The simplest way is to buy the TBS tiny whoop gate kit, which includes a tracker, LEDs and the interface, but where’s the fun in that? Or do you want full size gates?
Assuming you have a tracker already you can buy the adapter and some LEDs, or the way we went you can build your own adapter using an xt60, the expansion cable that comes with the tracker and the connections that come with the led strips.
Here’s the full parts list if you want to go from scratch
- Led strip ws2811 12v with code STP666
- Xt60 with shields (I like these saving a little effort on the insulation)
- JST-sh 6pin with silicone wire
- 2s balance lead silicone wire
- Protection (clear hose 12mm ID)
- And any 12v supply/3s battery
So far we have tried two setups the first replicates the TBS adapter.
The tracker and power supply are grouped together, which can be helpful if you needed to power the tracker.
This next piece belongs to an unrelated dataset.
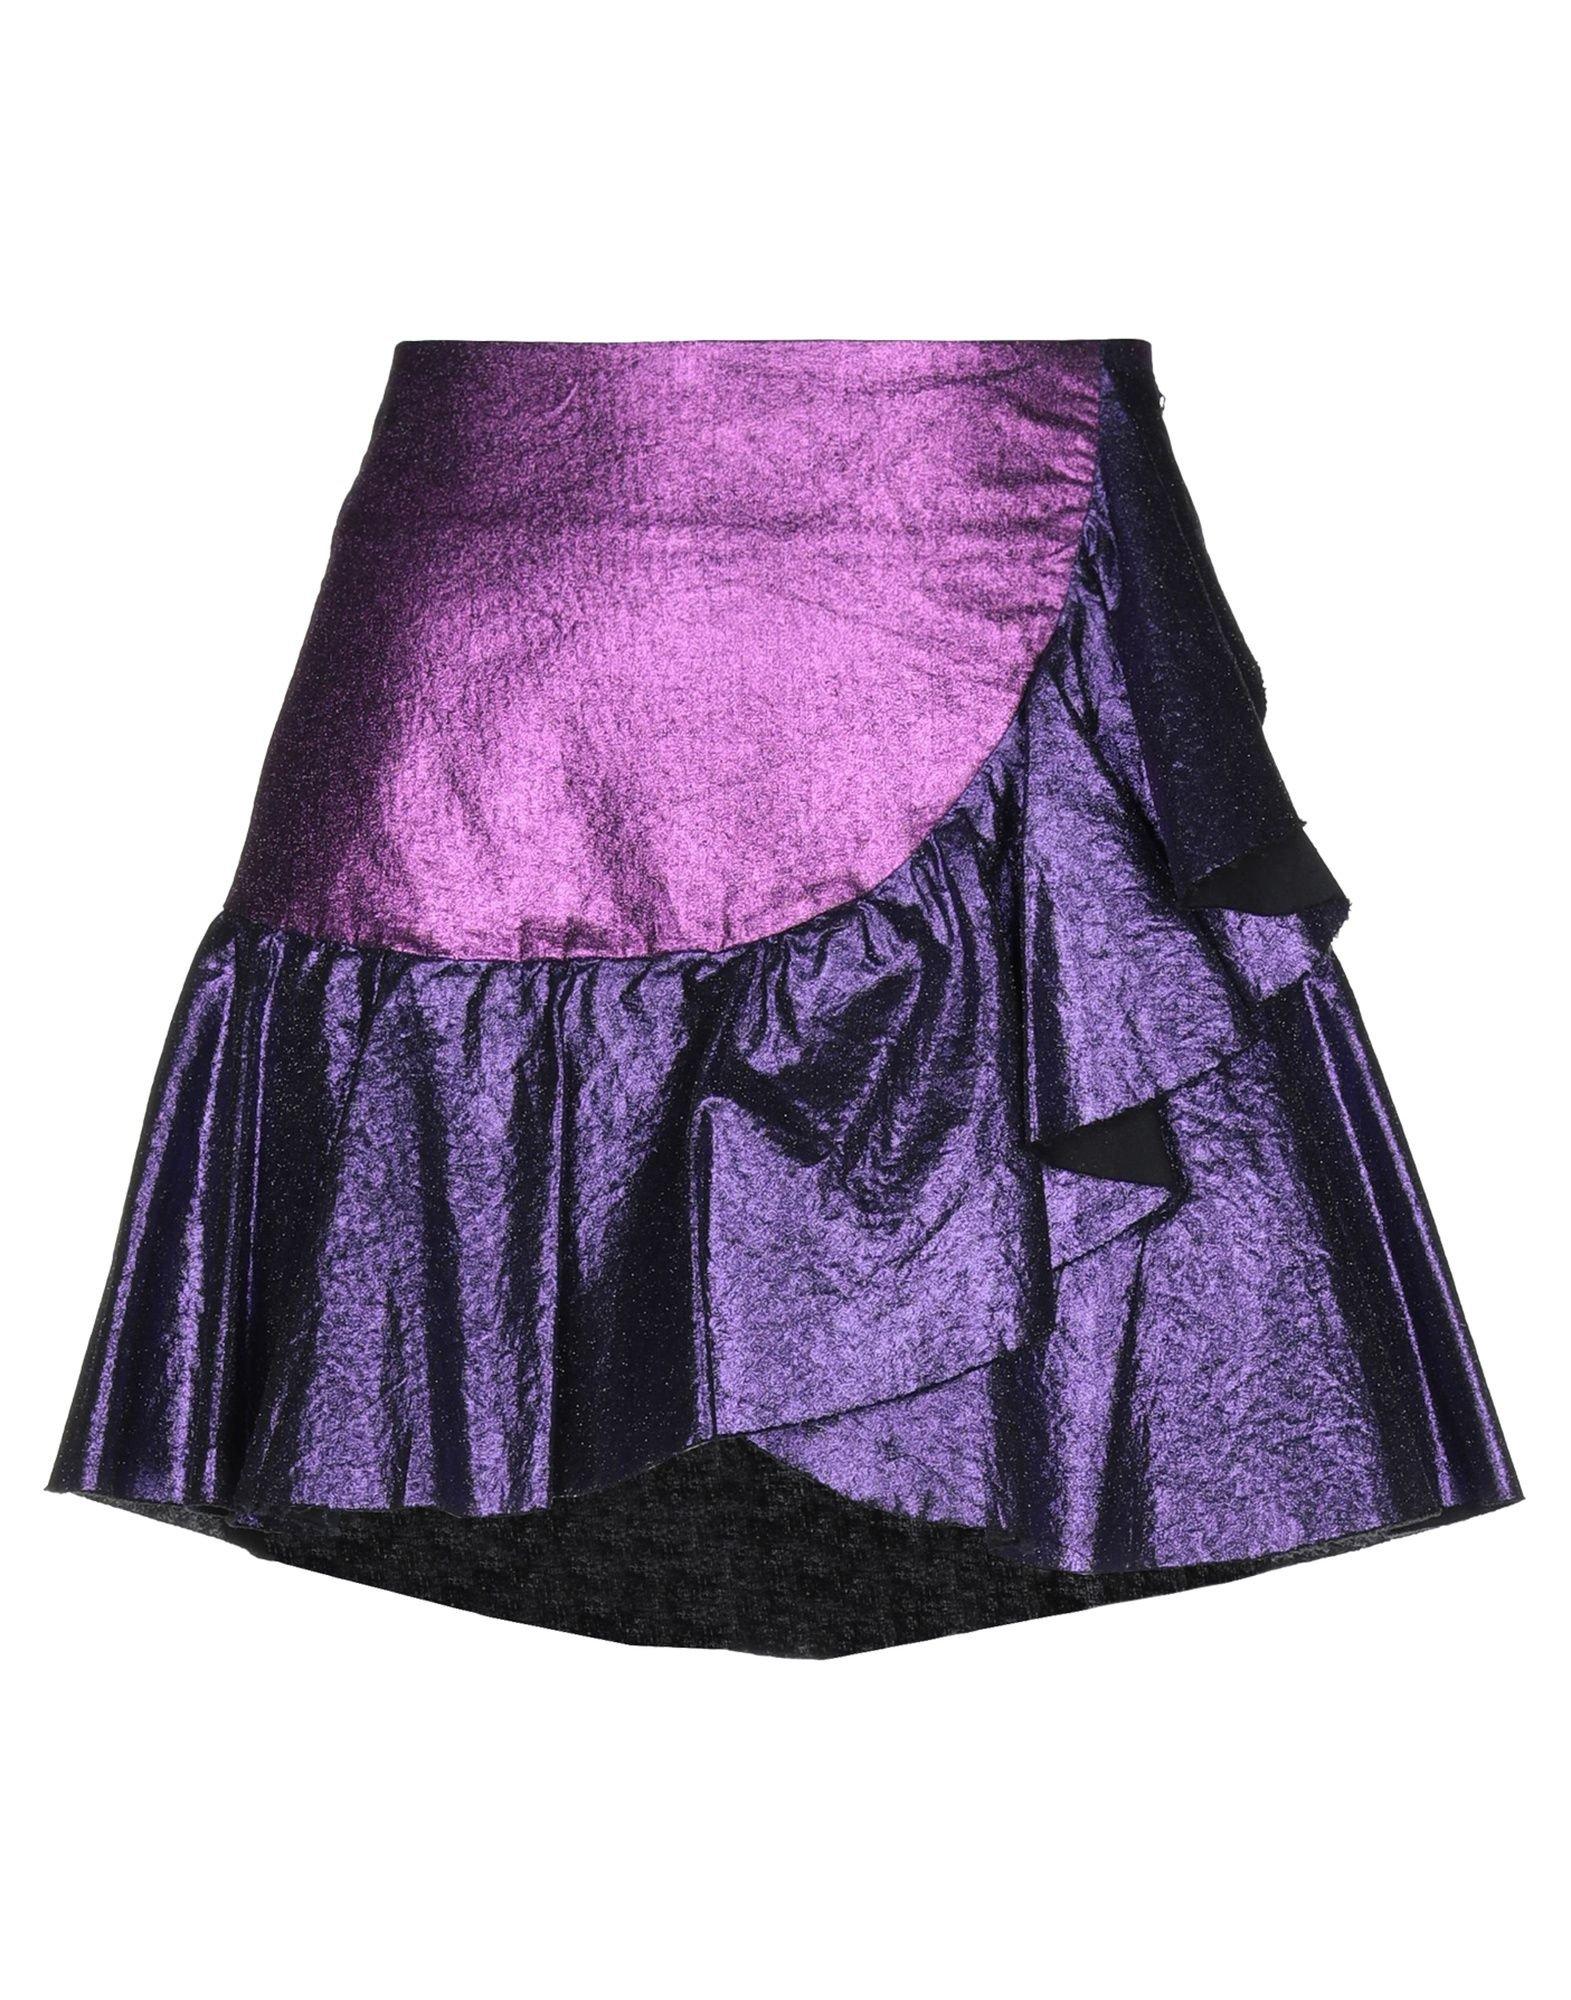 8Pm Mini Skirt - Women 8Pm Mini Skirts online on YOOX United States - 35403749LF
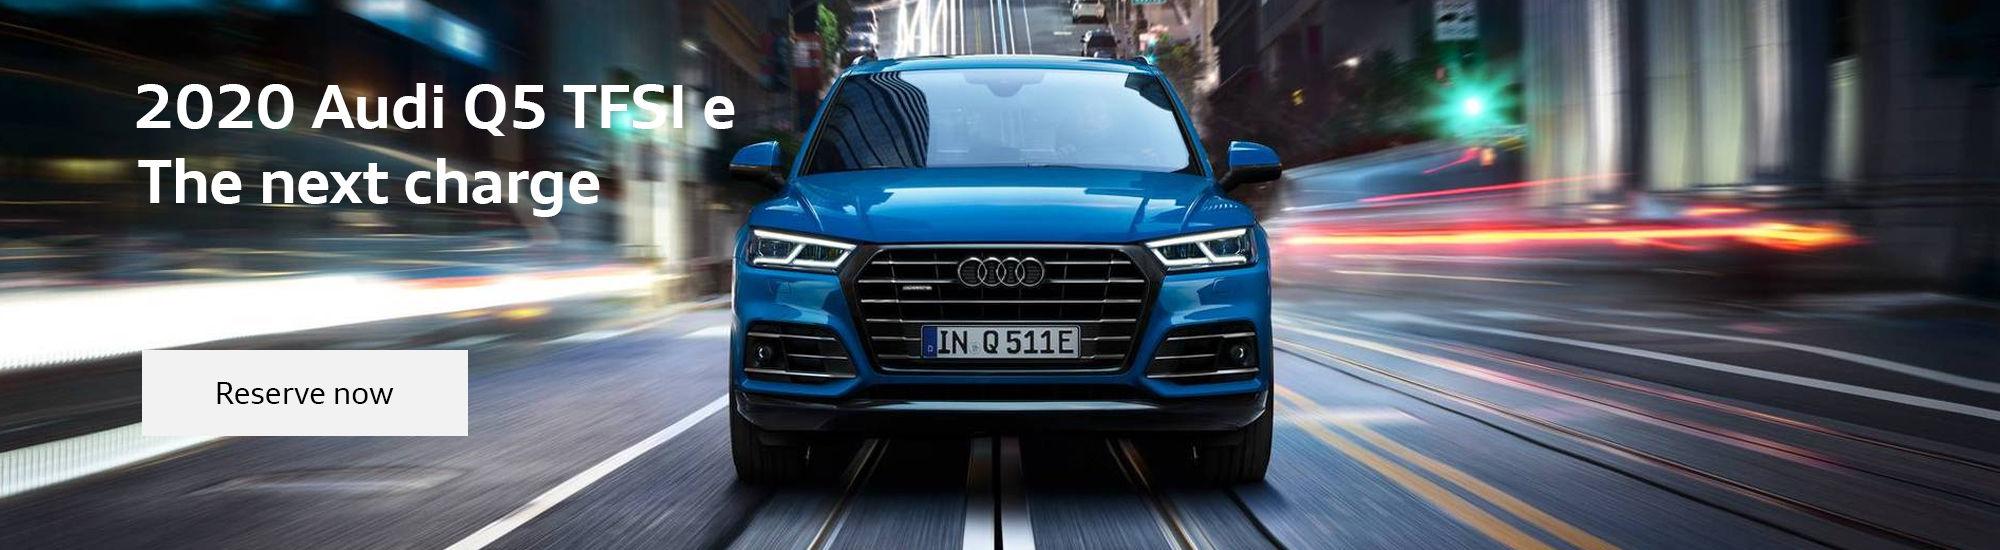 The all-new 2020 Audi Q5 TFSI e (Copy)

The xt60 here has parallel wiring +&- to the led strip and +&- to the tracker pins 4&6 with the signal from pin5 to the led.
The second solution is slightly simplified. The TBS expansion port connects directly to the led input +, sig and – and the LEDs are powered from the data output end with the xt60 connected to +&-
The last step and by far the longest to find a solution, was protecting the LEDs. The bare (waterproofed) strip holds up well to gate hits but not a direct quad hit which sliced clean through so I ordered some 12mm ID clear flexible PVC hose from a brewing supplier.
Inserting the LEDs was going to be a simple morning task, the first six inches slipped in perfectly then waterproofing silicone bound up on the inside of the hose, and took the rest of the day to get the three x 3m strips protected.
Ill jump past all the failed attempts and straight to the only successful solution, you will require a space twice as tall as the led strip you are trying to sheath. Using a hoover or some strong lungs draw a length of string through the tube, I tied one end to the LED strip using a heat shrink then the other end to the highest point you can, then straightening the LED and end of the tube with the help of gravity guide the LEDs into the tube. That’s it, but it’s harder than it sounds so take your time and prepare to be patient.